Task details:
The data below should be restated word for word, with every picture omitted.

Data provided:
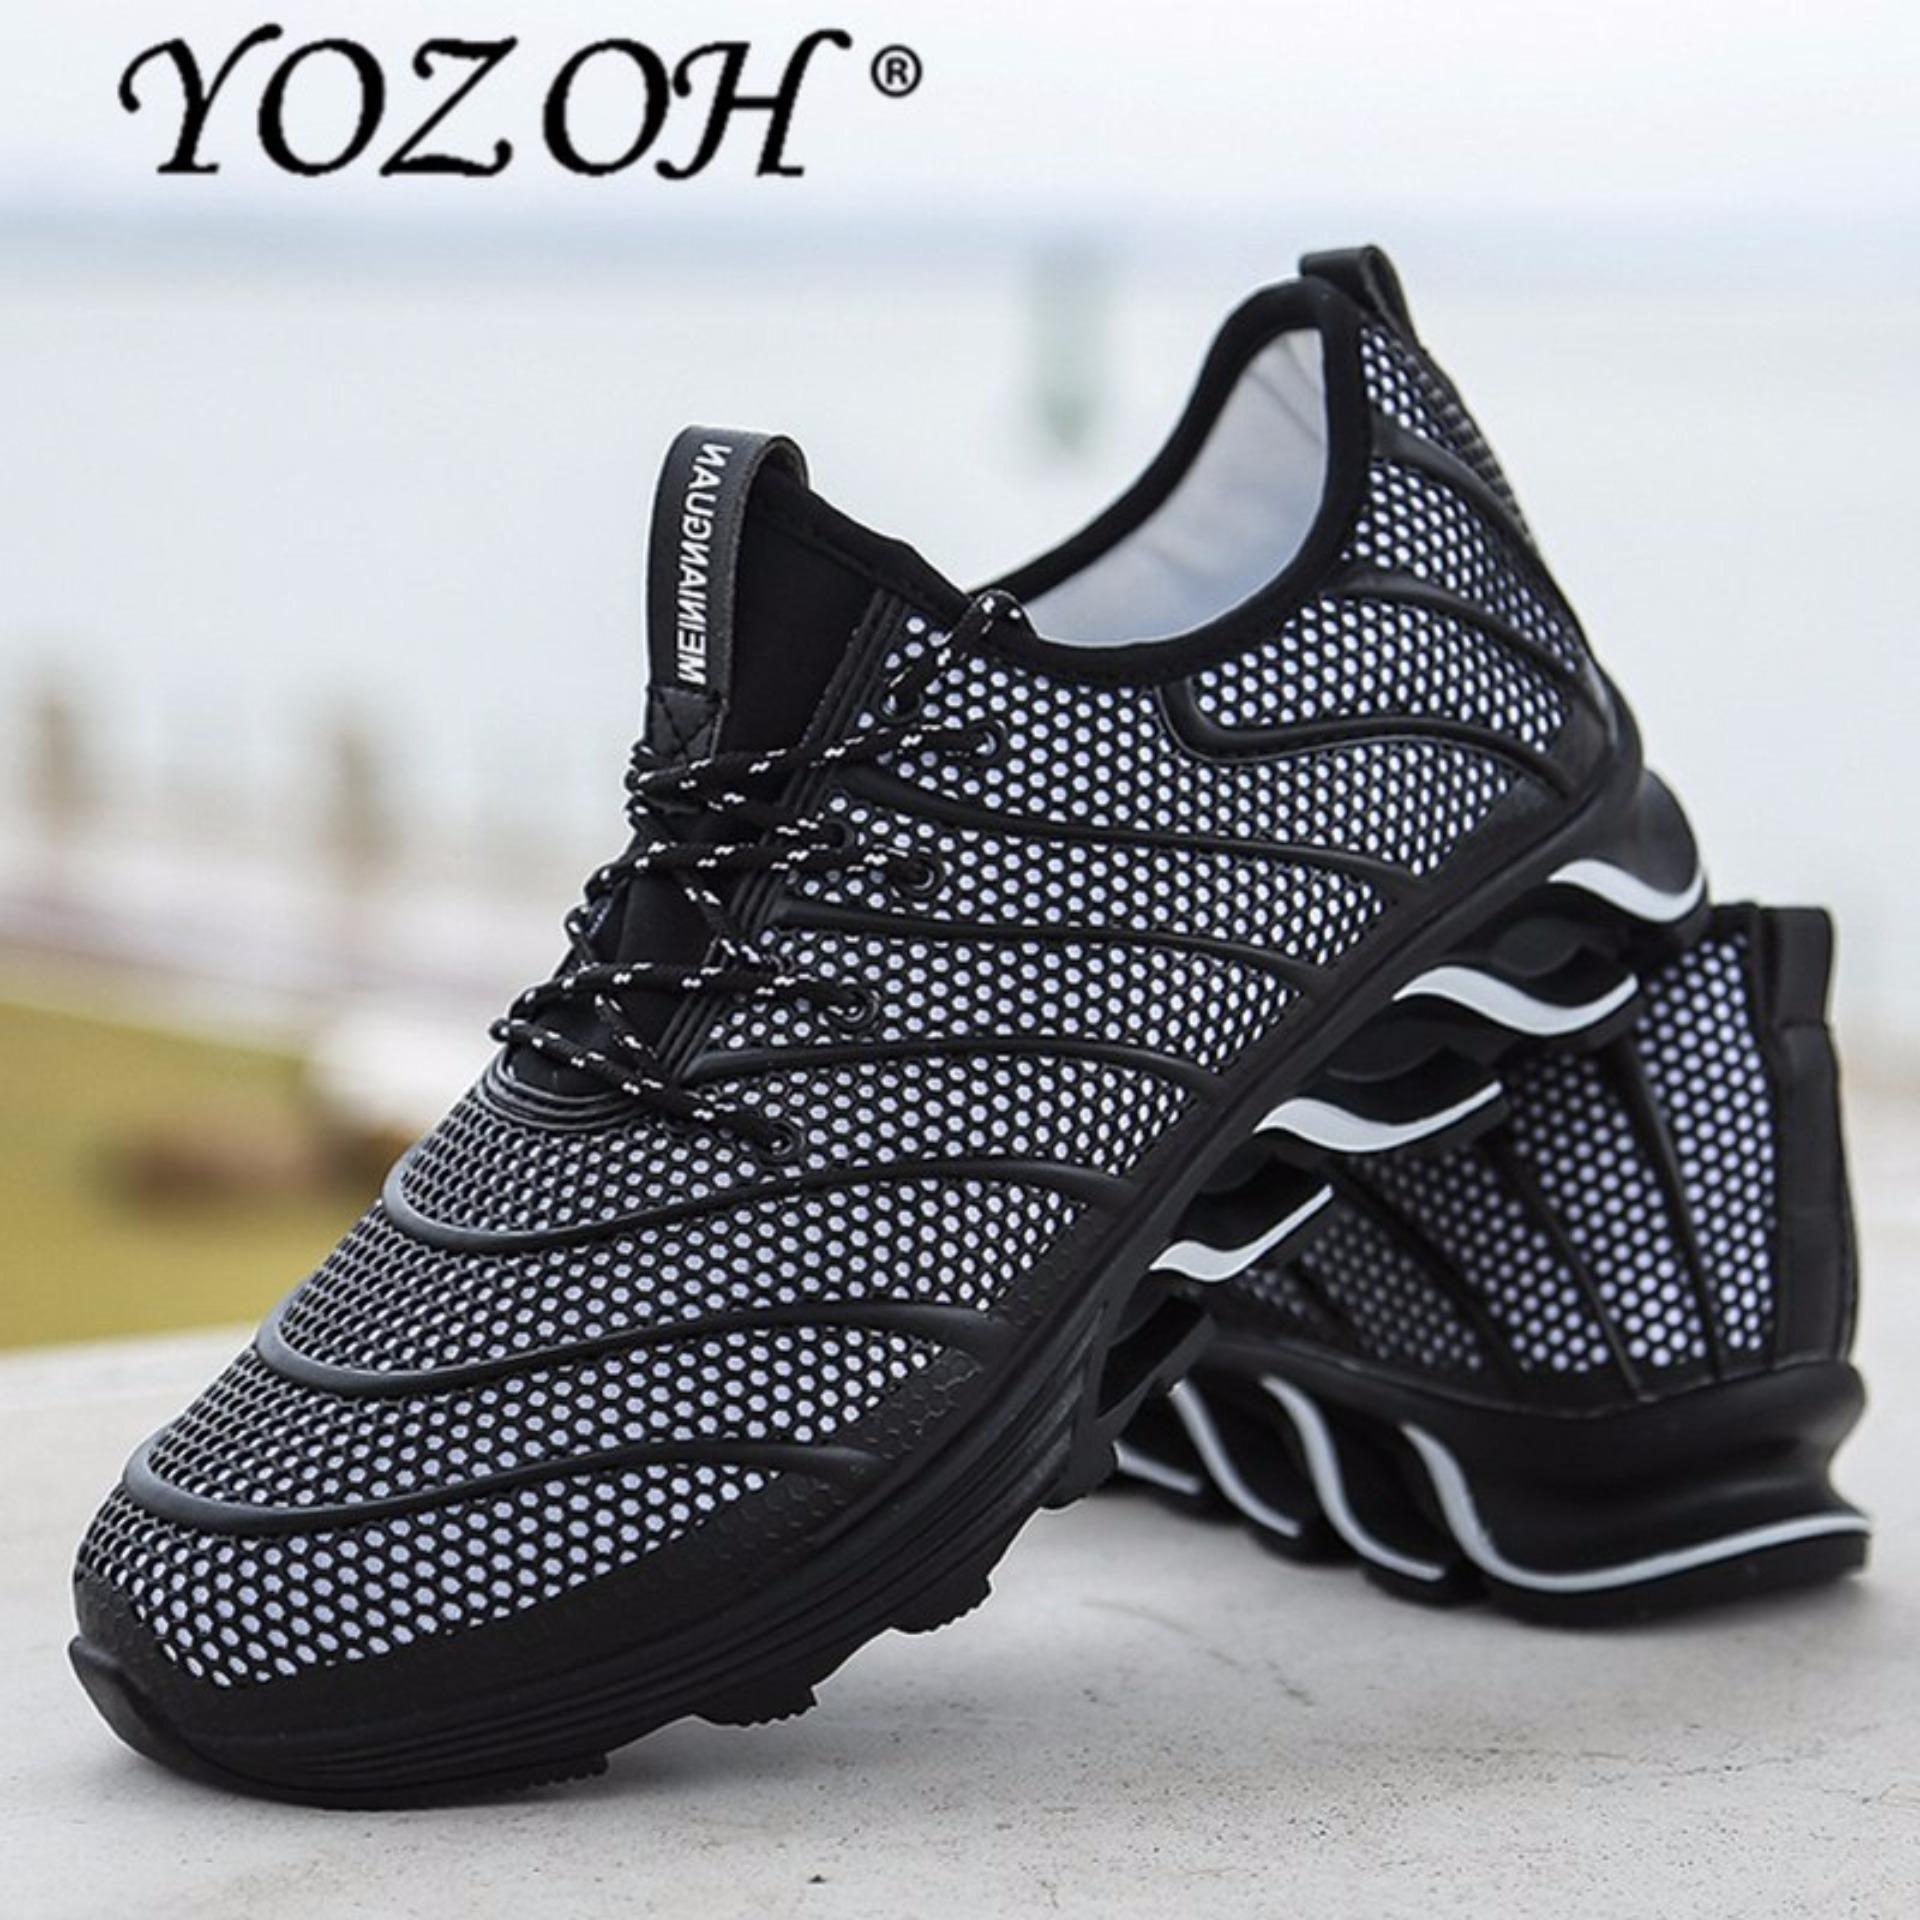 Beli Yozoh Olahraga Sepatu Lari Musik Irama Pria Sneakers Bernapas Mesh Kolam Hitam Intl Online Murah
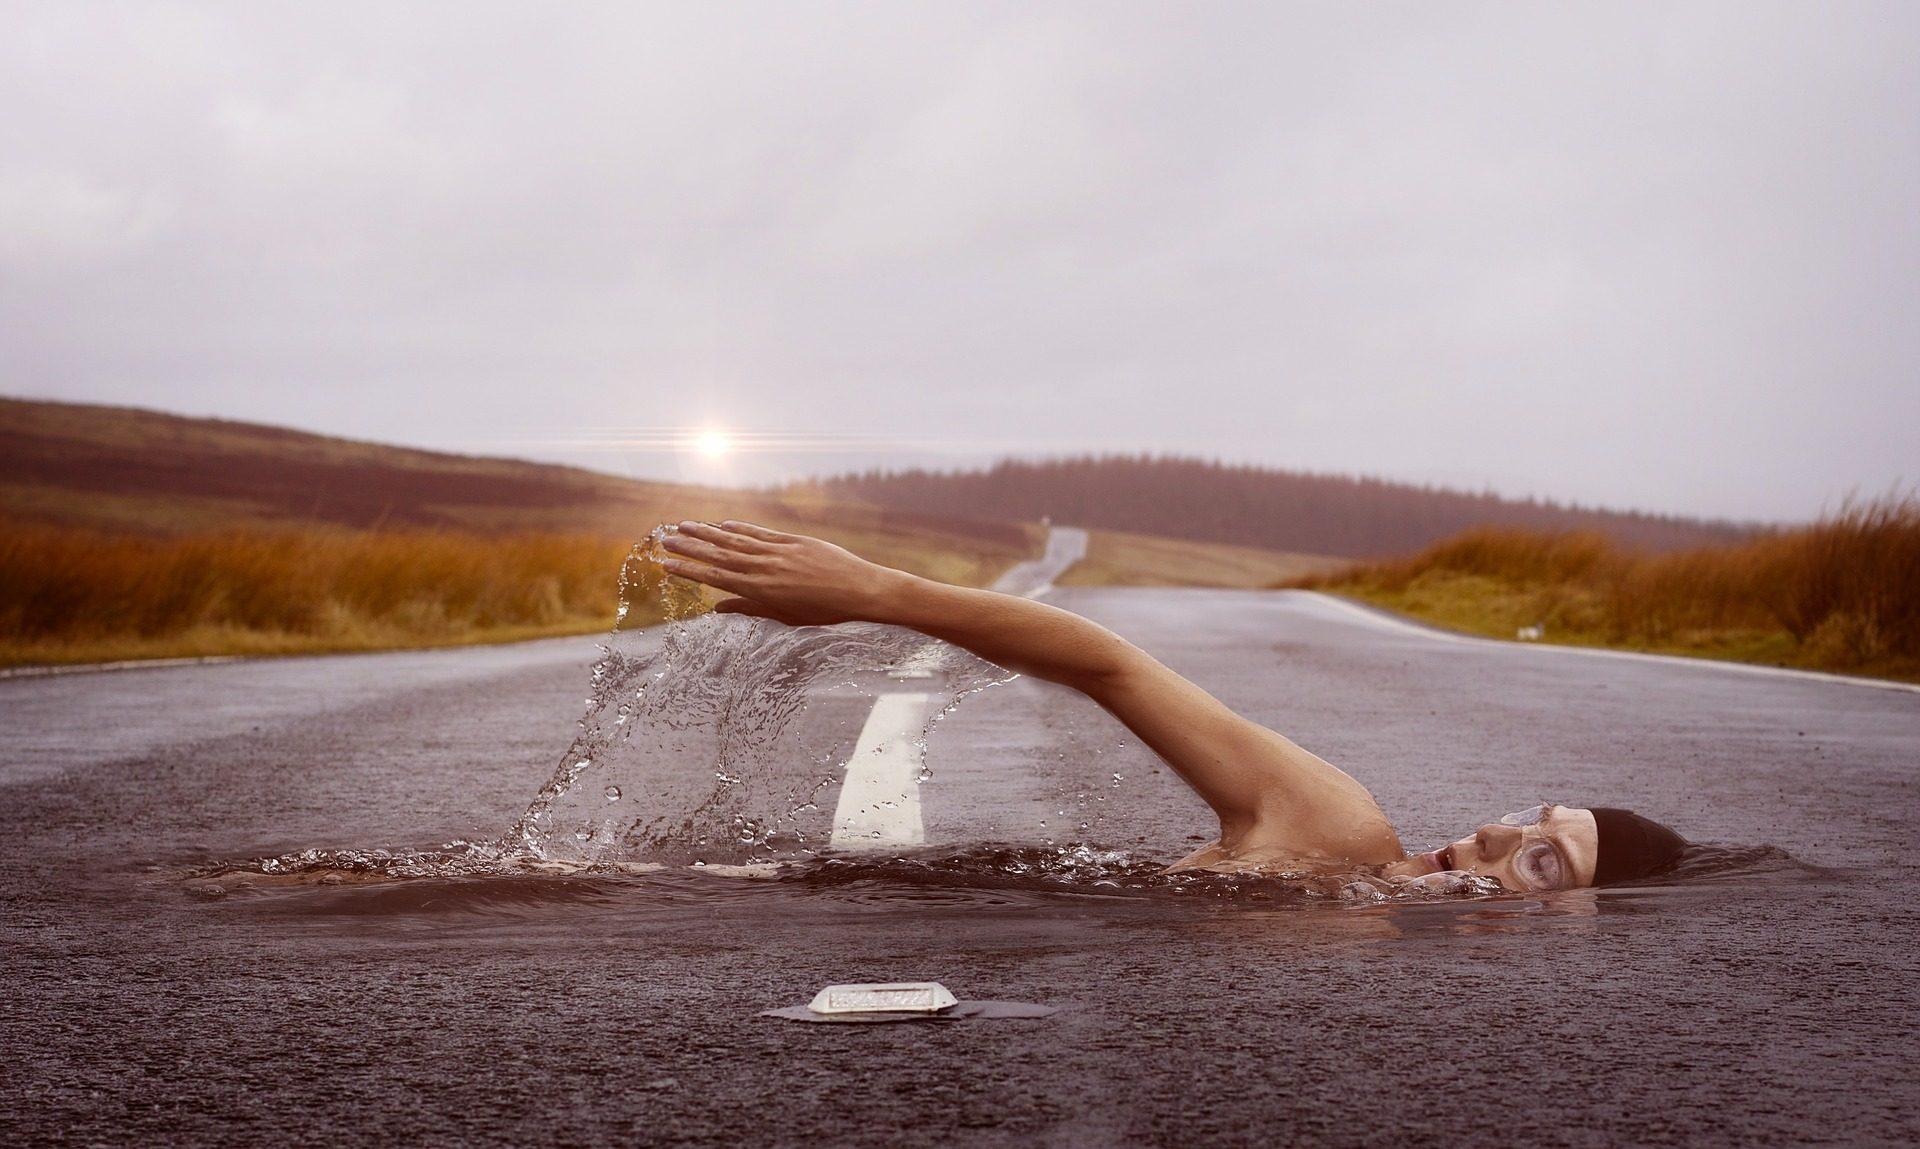 carretera, الطريق, السباح, المياه, جهد - خلفيات عالية الدقة - أستاذ falken.com
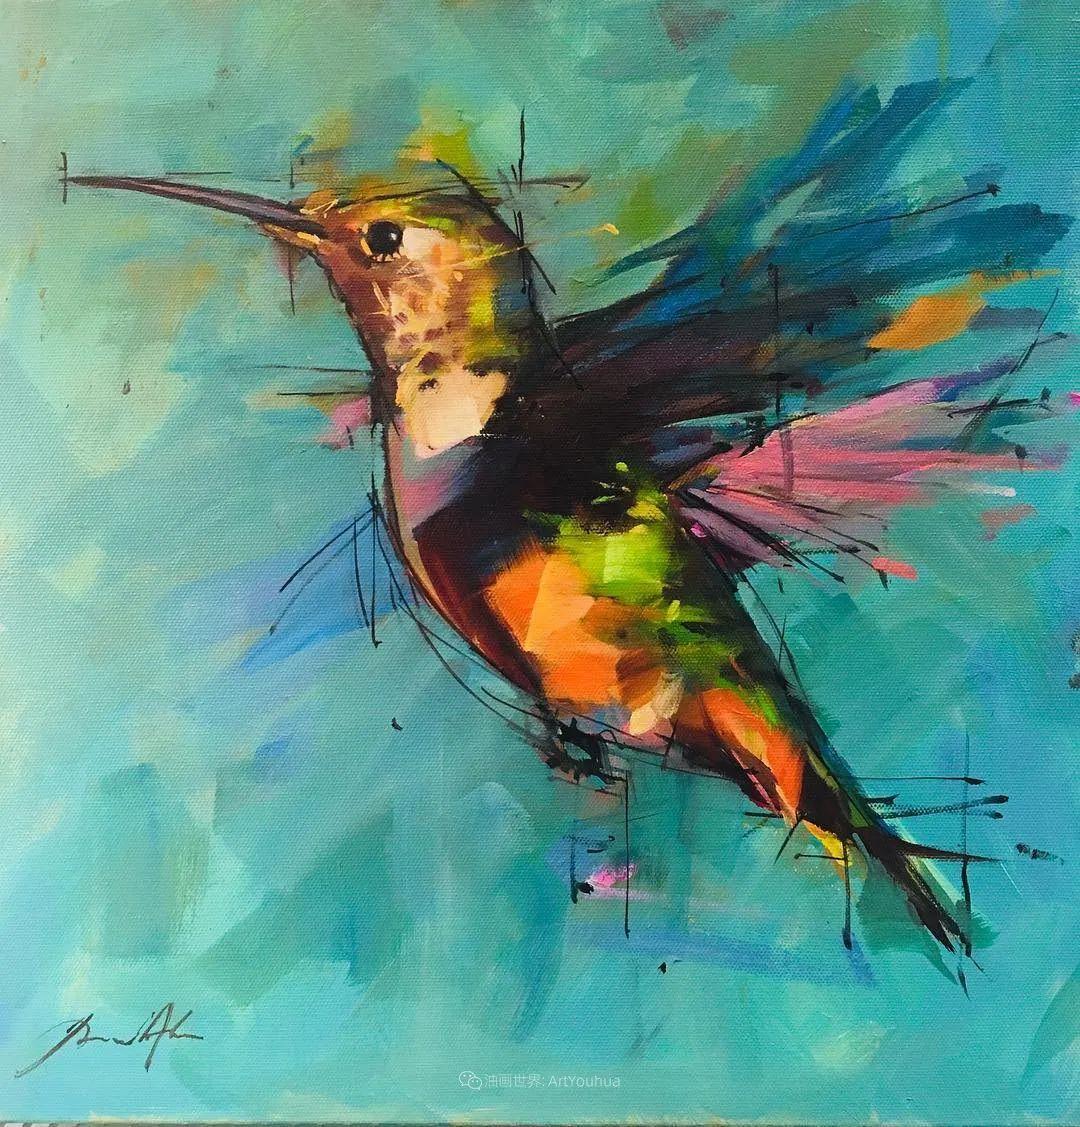 飞行中的鸟儿之美,活力飞扬,太赞了!插图32
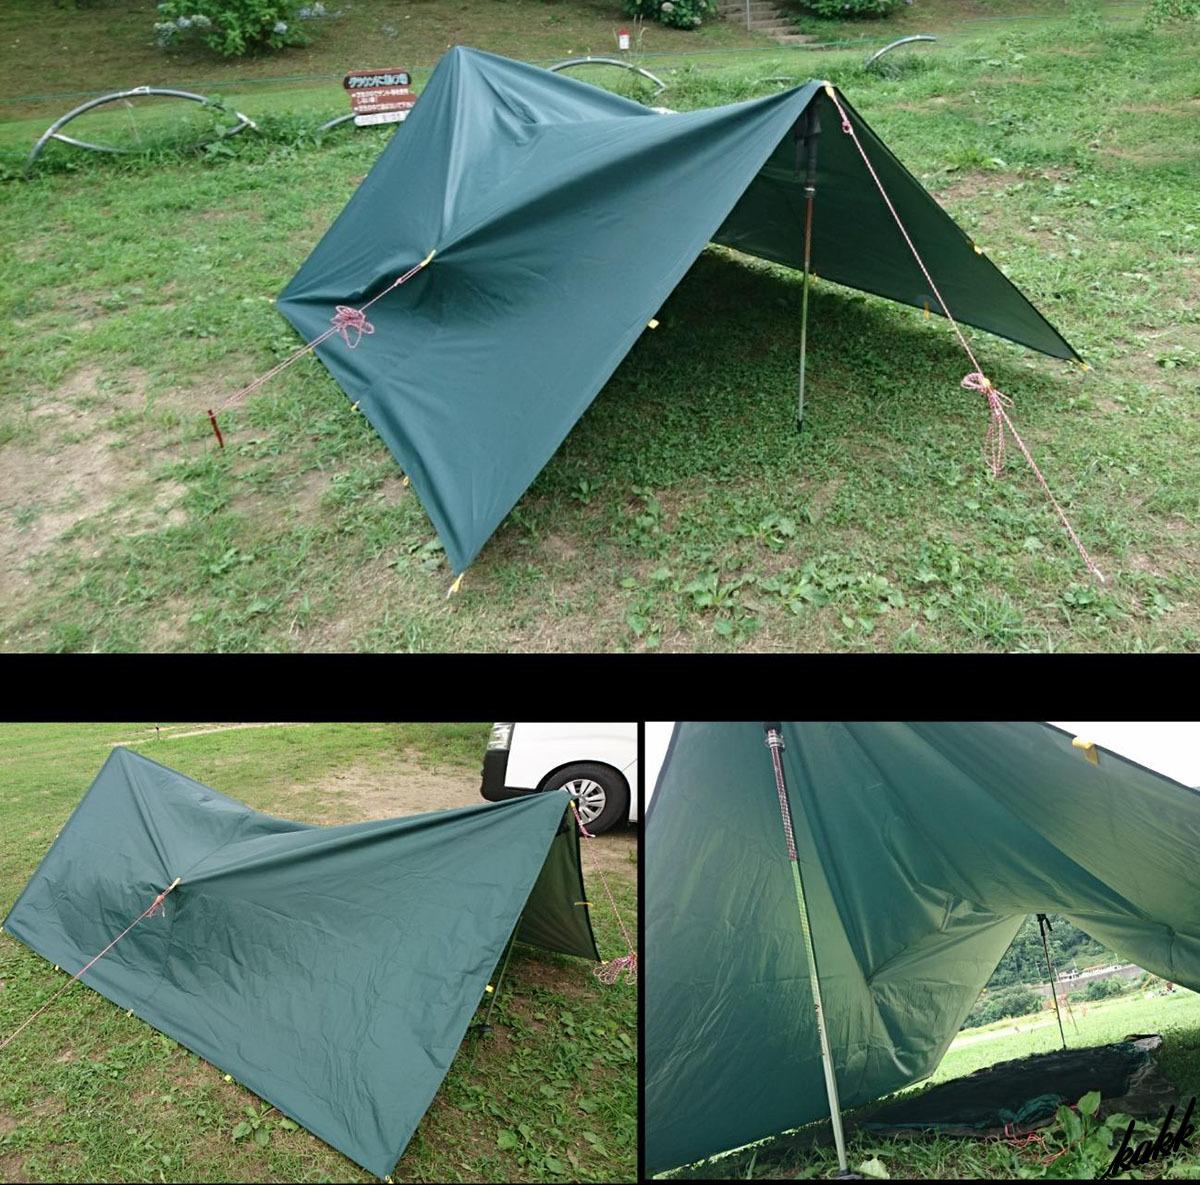 【防水 天幕シェード】 グリーン 300×300cm タープ 紫外線カット 遮光 日差し防止 軽量 コンパクト キャンプ道具 アウトドア ツーリング

Exercise answer:
 Beli Yozoh Olahraga Sepatu Lari Musik Irama Pria Sneakers Bernapas Mesh Kolam Hitam Intl Online Murah
 carretera, الطريق, السباح, المياه, جهد - خلفيات عالية الدقة - أستاذ falken.com
 飞行中的鸟儿之美,活力飞扬,太赞了!插图32
 【防水 天幕シェード】 グリーン 300×300cm タープ 紫外線カット 遮光 日差し防止 軽量 コンパクト キャンプ道具 アウトドア ツーリング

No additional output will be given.